After that comes pH problems (described above), light stress from placing grow lights too close or too far from the canopy, and heat-related mold. White powdery mildew thrives in warm, stagnant air, and it spreads fast once it gets a foothold. Each of these problems is completely preventable with basic knowledge, but they’ll blindside you if you approach cannabis like any other houseplant.
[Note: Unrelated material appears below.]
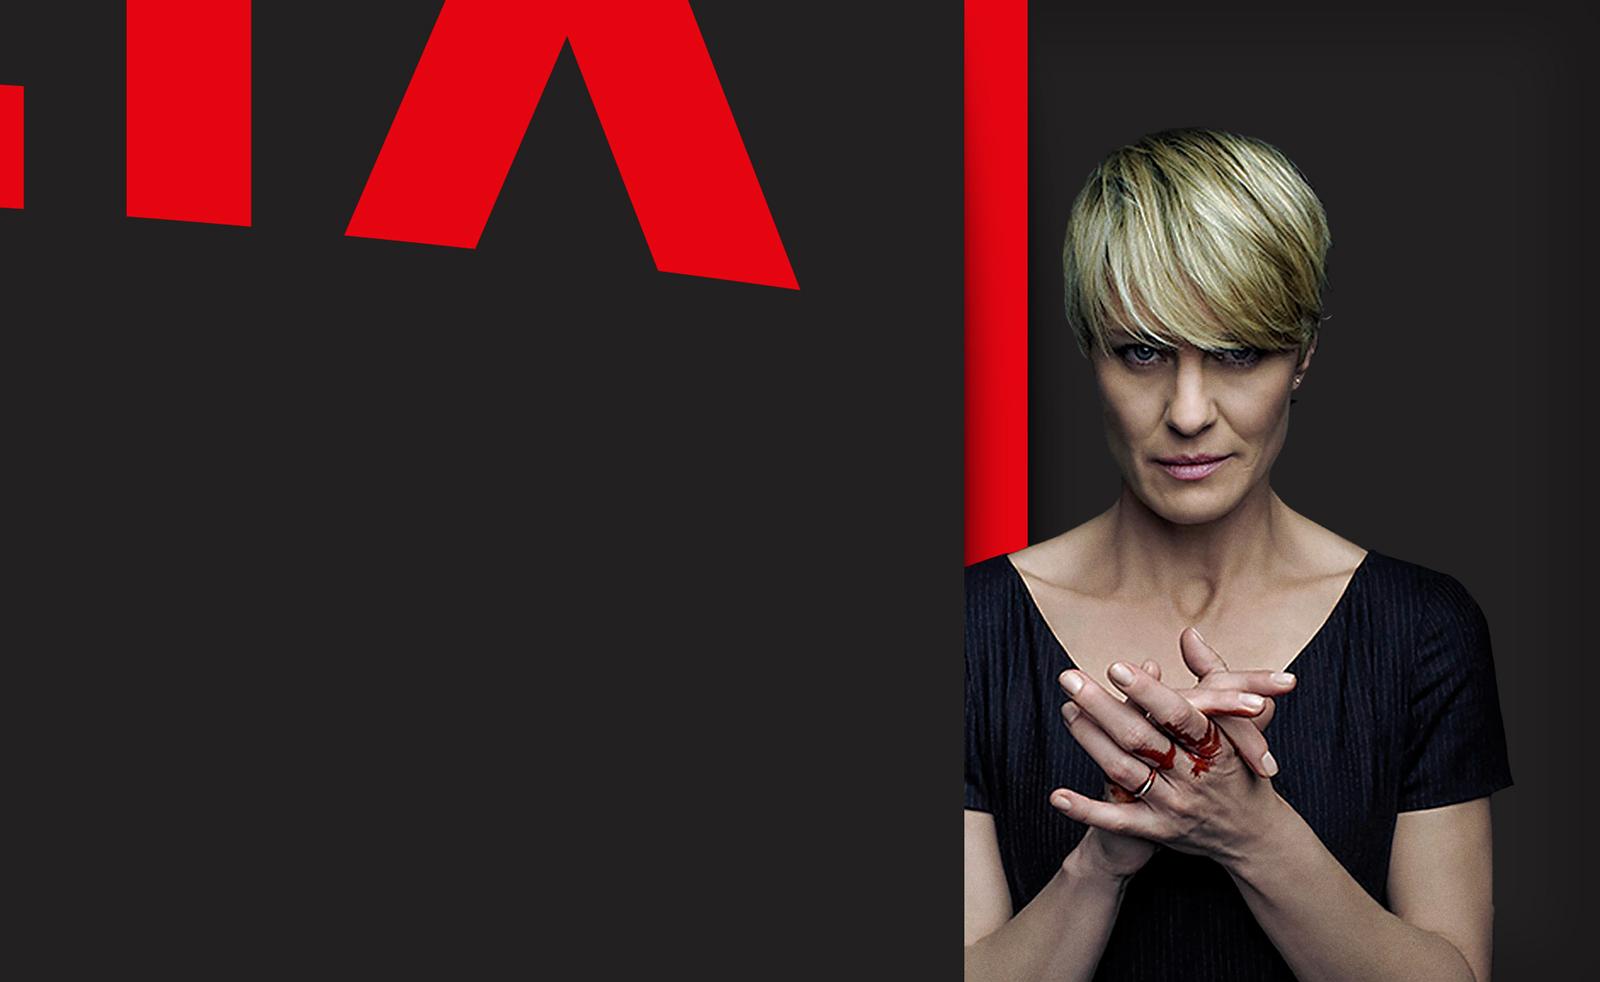 Nueva Identidad corporativa para Netflix

What a Basic Indoor Setup Costs
You don’t need a massive investment to start. A bare-minimum LED grow setup runs around $150, while a more practical small setup using a 2-by-2-foot grow tent with proper lighting, ventilation, and a fan starts closer to $300. Beyond equipment, you’ll need soil or growing medium, nutrients, pH testing supplies, and seeds. Electricity costs depend on your light size and local rates, but a small LED setup is comparable to running a few extra household appliances.
A single indoor plant can yield anywhere from 50 to 450 grams depending on genetics, growing method, pot size, and how well you manage the environment. A rough benchmark for indoor grows is 50 to 75 grams per square foot of plant canopy, so even a small tent can produce a meaningful amount if everything goes well.
So Is It Hard?
Growing a cannabis plant that stays alive is easy. Growing one that produces quality flower requires managing light schedules, humidity shifts across growth stages, water chemistry, pest pressure, and a precise drying and curing process after harvest. None of these individual tasks is technically difficult, but the combination of all of them, running simultaneously over 3 to 5 months, is what makes cannabis more demanding than most garden plants. Autoflowering strains in a small indoor tent with a quality LED light represent the lowest difficulty path, removing the light schedule complexity and shortening the timeline to 8 to 12 weeks. For a first grow, that’s the most forgiving place to start.